Now, we produce “mutation-only” experiments. Again, via Active Tabs -> Prepare GA experiment go back to the input parameters and set the following in the Genetic Algorithm tab:
- Crossover weight = 0
- Mutation weight = 1
- Construction weight = 0
As before, run three such experiments.
Inspect the results of these “mutation-only” experiments.

Discussion Point: again the distribution of fitness values over the course of the experiment is radically different from the "construction-only" experiments, and it is also different from the "crossover-only" experiments. Try to explain why (Hint: compare mutation and crossover in terms of how much structural diversity each of such operation can bring into the population).

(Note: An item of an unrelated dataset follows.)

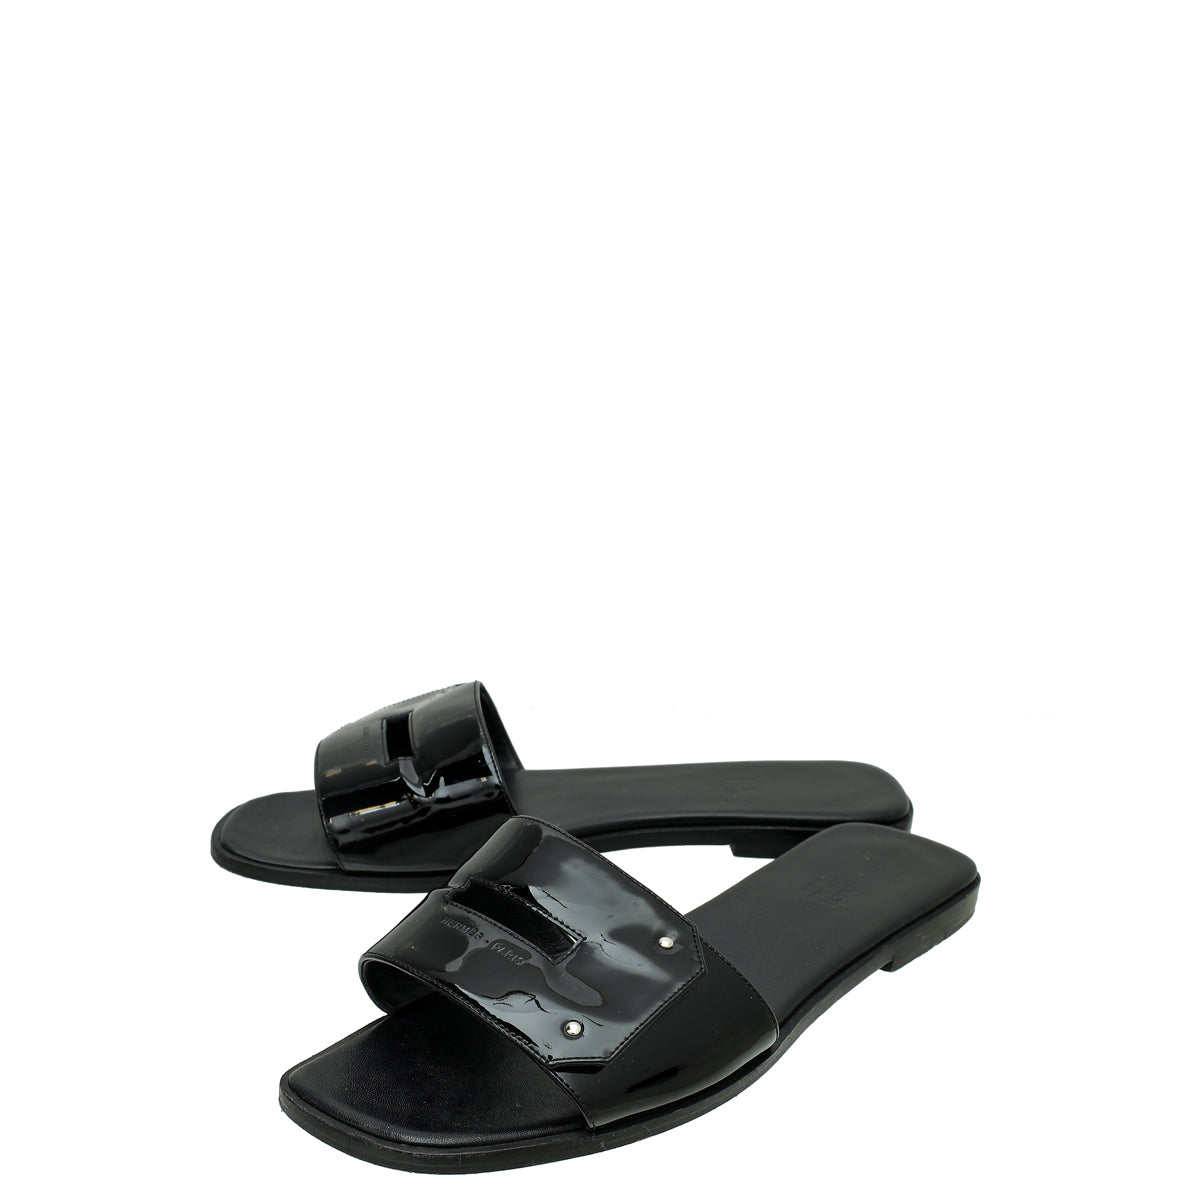 Hermes Noir View Slide Sandals 39

Finally, we combine crossover, mutation and random construction (we’ll call these the “complete GA” experiments). Again, via Active Tabs -> Prepare GA experiment go back to the input parameters and set the following in the Genetic Algorithm tab:
- Crossover weight = 1
- Mutation weight = 1
- Construction weight = 1
Inspect the results of these runs as well. In particular, chose an experiment that produced a population with a high mean fitness and, from the GARun Inspector, click on Open Population Graphs to visualize the molecules in the population at a late stage of the experiment (high generation number).

Discussion Point: calculate the number of candidates (i.e., #offspring * #generations) that were visited before finding at least 3 candidate with fitness higher then 1.151 Å. For experiments that never collect that many good candidates, consider the total number of candidates visited as the lower bound value. Comparing these values against the total number candidates that can be generated from the space of building blocks, i.e., 10332 candidates, gives you an idea of the efficiency of each type of experiment.